Immunological hallmarks of multiple sclerosis include the production of antibodies in the central nervous system, expressed as presence of oligoclonal bands and/or an increased immunoglobulin G index-the level of immunoglobulin G in the cerebrospinal fluid compared to serum. However, the underlying differences between oligoclonal band-positive and -negative patients with multiple sclerosis and reasons for variability in immunoglobulin G index are not known. To identify genetic factors influencing the variation in the antibody levels in the cerebrospinal fluid in multiple sclerosis, we have performed a genome-wide association screen in patients collected from nine countries for two traits, presence or absence of oligoclonal bands (n = 3026) and immunoglobulin G index levels (n = 938), followed by a replication in 3891 additional patients.
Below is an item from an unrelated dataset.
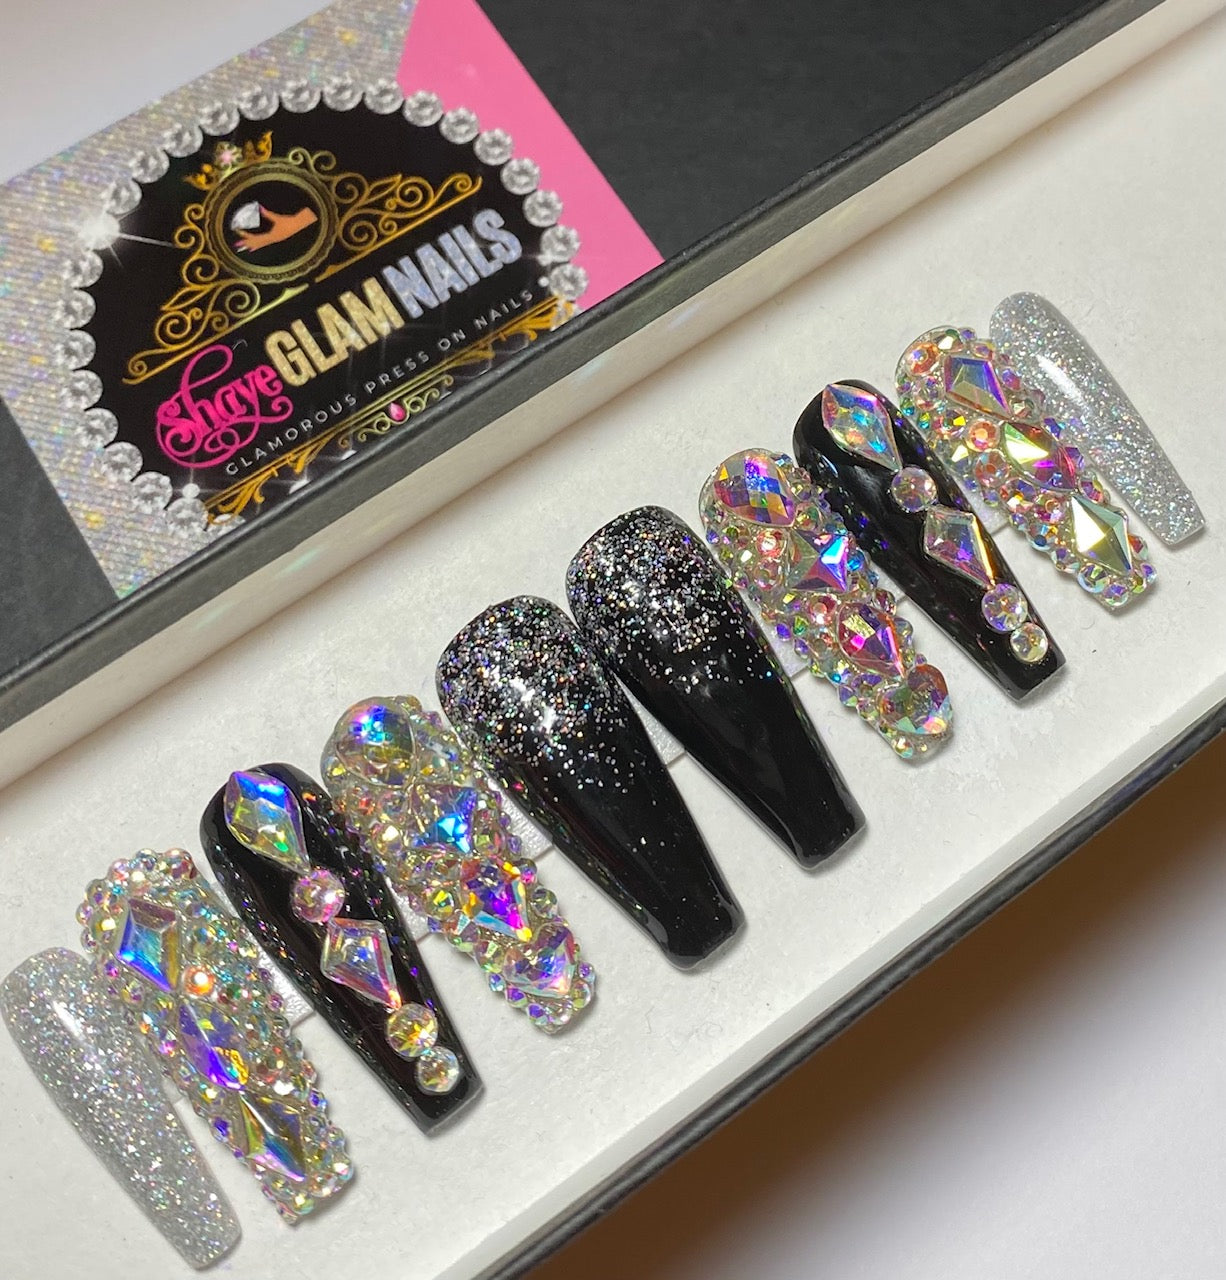 Black Glam and Bling Press On Nails

We replicate previously suggested association signals for oligoclonal band status in the major histocompatibility complex region for the rs9271640A-rs6457617G haplotype, correlated with HLA-DRB11501, and rs34083746G, correlated with HLA-DQA10301 (P comparing two haplotypes = 8.88 × 10(-16)). Furthermore, we identify a novel association signal of rs9807334, near the ELAC1/SMAD4 genes, for oligoclonal band status (P = 8.45 × 10(-7)). The previously reported association of the immunoglobulin heavy chain locus with immunoglobulin G index reaches strong evidence for association in this data set (P = 3.79 × 10(-37)). We identify two novel associations in the major histocompatibility complex region with immunoglobulin G index: the rs9271640A-rs6457617G haplotype (P = 1.59 × 10(-22)), shared with oligoclonal band status, and an additional independent effect of rs6457617G (P = 3.68 × 10(-6)). Variants identified in this study account for up to 2-fold differences in the odds of being oligoclonal band positive and 7.75% of the variation in immunoglobulin G index. Both traits are associated with clinical features of disease such as female gender, age at onset and severity. This is the largest study population so far investigated for the genetic influence on antibody levels in the cerebrospinal fluid in multiple sclerosis, including 6950 patients. We confirm that genetic factors underlie these antibody levels and identify both the major histocompatibility complex and immunoglobulin heavy chain region as major determinants.

摘要

多发性硬化症的免疫学特征包括中枢神经系统中抗体的产生,表现为寡克隆带的出现和/或免疫球蛋白G指数升高(脑脊液中免疫球蛋白G水平与血清中免疫球蛋白G水平的比值)。然而,多发性硬化症患者中寡克隆带阳性和阴性患者之间的潜在差异以及免疫球蛋白G指数变化的原因尚不清楚。为了确定影响多发性硬化症患者脑脊液中抗体水平变化的遗传因素,我们对来自9个国家的患者进行了全基因组关联筛查,针对两个特征:有无寡克隆带(n = 3026)和免疫球蛋白G指数水平(n = 938),随后在另外3891名患者中进行了重复验证。我们重复了先前在主要组织相容性复合体区域中关于寡克隆带状态的关联信号,即与HLA-DRB11501相关的rs9271640A-rs6457617G单倍型,以及与HLA-DQA10301相关的rs34083746G(比较两个单倍型的P值 = 8.88×10⁻¹⁶)。此外,我们在ELAC1/SMAD4基因附近发现了一个与寡克隆带状态相关的新关联信号rs9807334(P = 8.45×10⁻⁷)。先前报道的免疫球蛋白重链基因座与免疫球蛋白G指数的关联在该数据集中达到了很强的关联证据(P = 3.79×10⁻³⁷)。我们在主要组织相容性复合体区域中发现了两个与免疫球蛋白G指数相关的新关联:与寡克隆带状态共享的rs9271640A-rs6457617G单倍型(P = 1.59×10⁻²²),以及rs6457617G的额外独立效应(P = 3.68×10⁻⁶)。本研究中鉴定出的变体在寡克隆带阳性几率上造成了高达2倍的差异,在免疫球蛋白G指数变化中占7.75%。这两个特征都与疾病的临床特征相关,如女性性别、发病年龄和严重程度。这是迄今为止针对多发性硬化症患者脑脊液中抗体水平的遗传影响进行研究的最大样本量,共纳入6950名患者。我们证实遗传因素是这些抗体水平的基础,并确定主要组织相容性复合体和免疫球蛋白重链区域为主要决定因素。